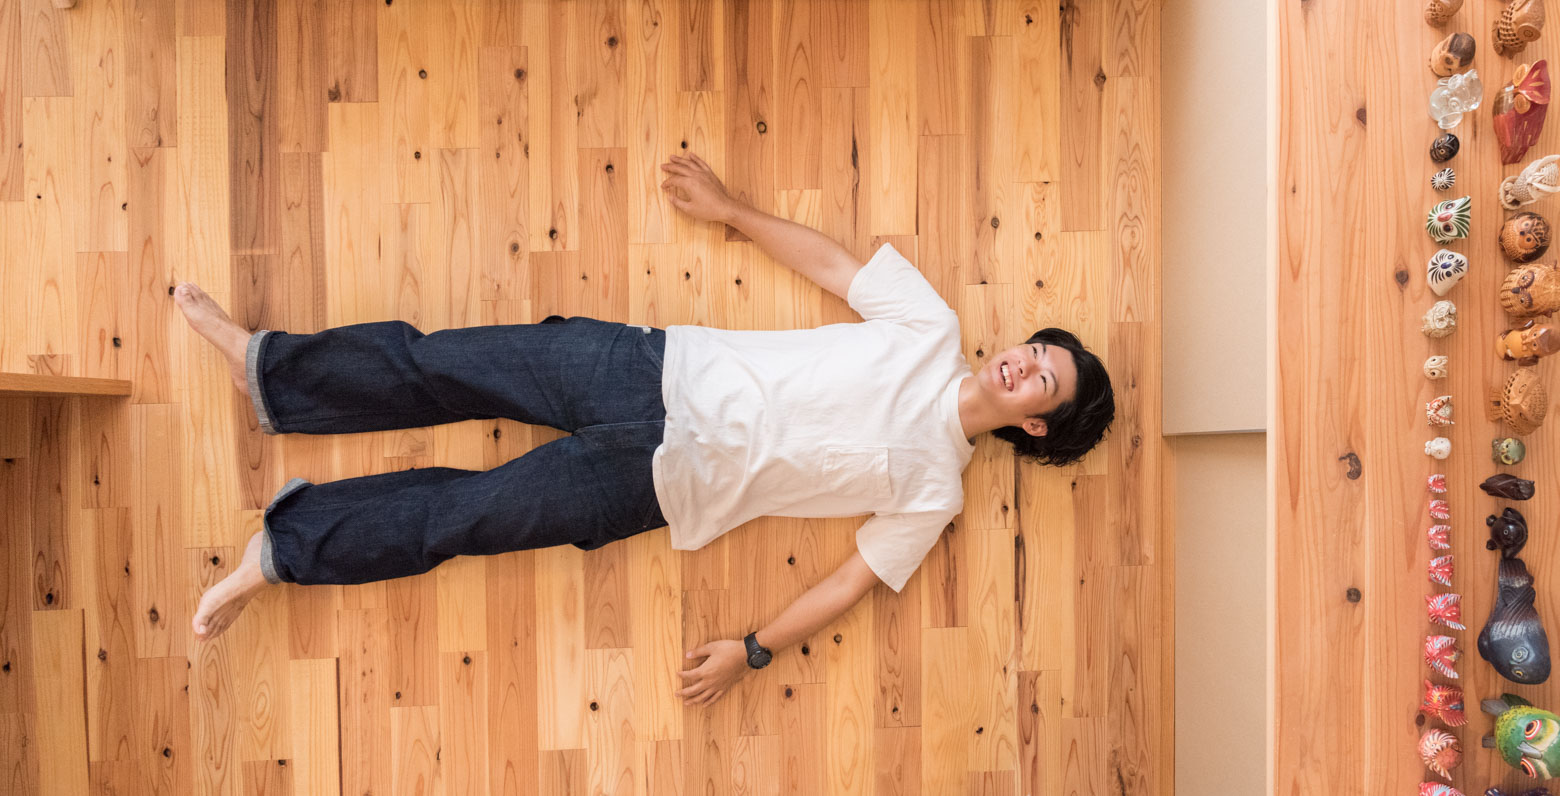 さいごこちらも恒例の「寝っ転がってポートレート」。フクロウたちとともに。
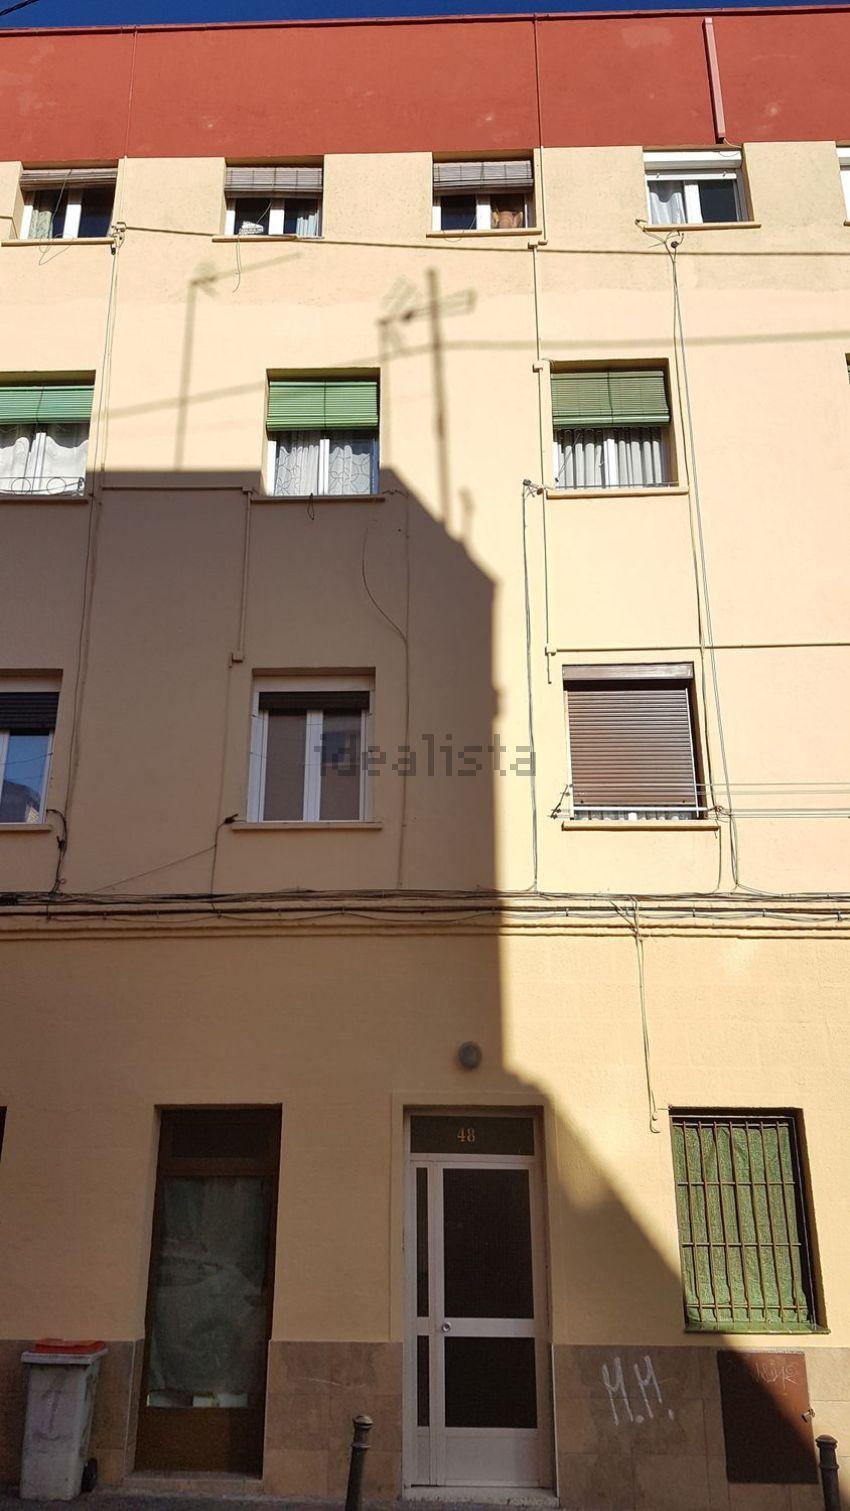 pisos alquiler usera
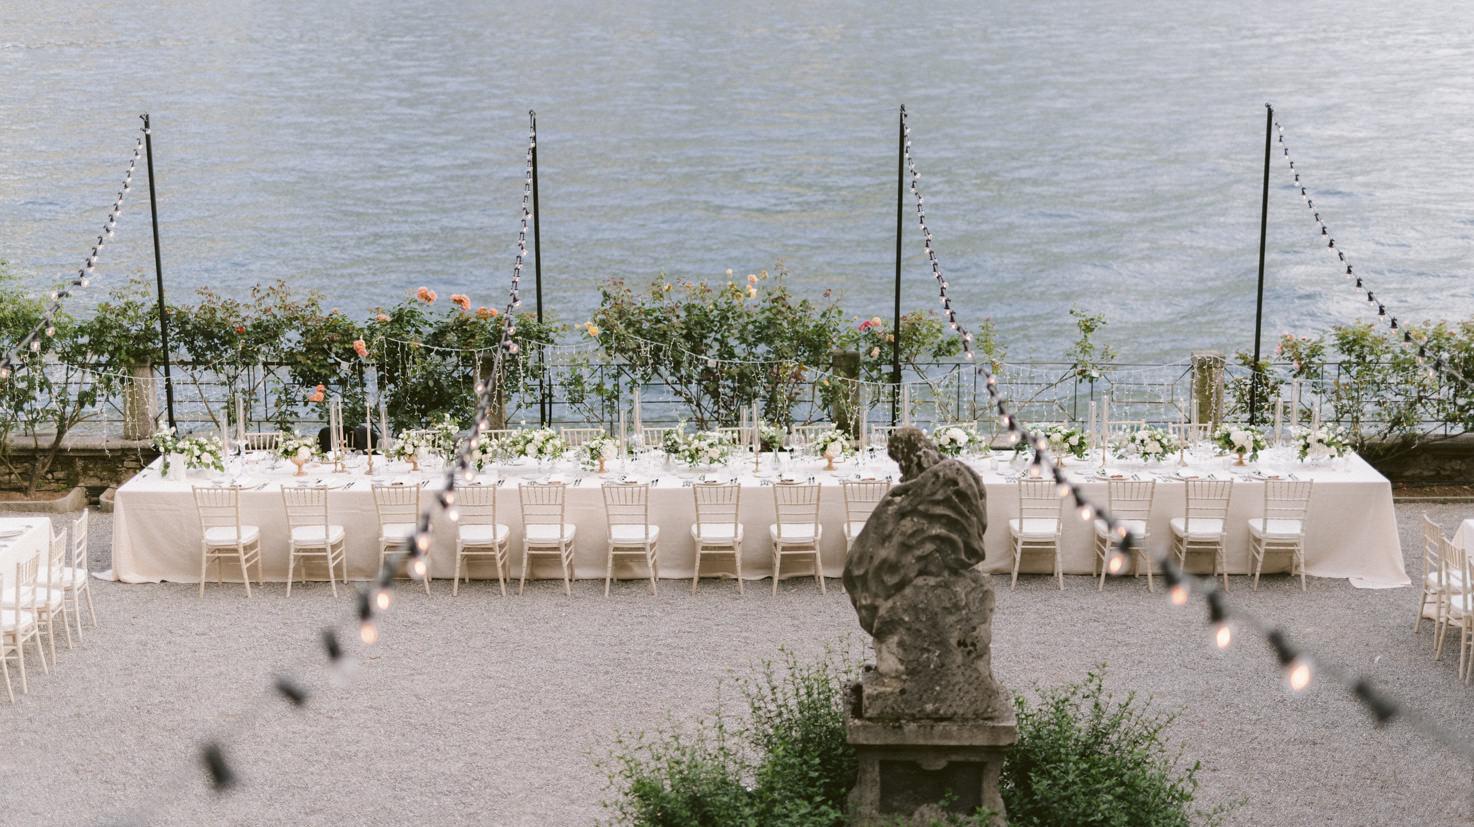 Wedding banquet at Villa Pizzo

**Required action**
Pictures must be left out. Repeat exactly the lines from the one containing "pisos alquiler usera" through the final line of the data.

**Result for this exercise**
 pisos alquiler usera
 Wedding banquet at Villa Pizzo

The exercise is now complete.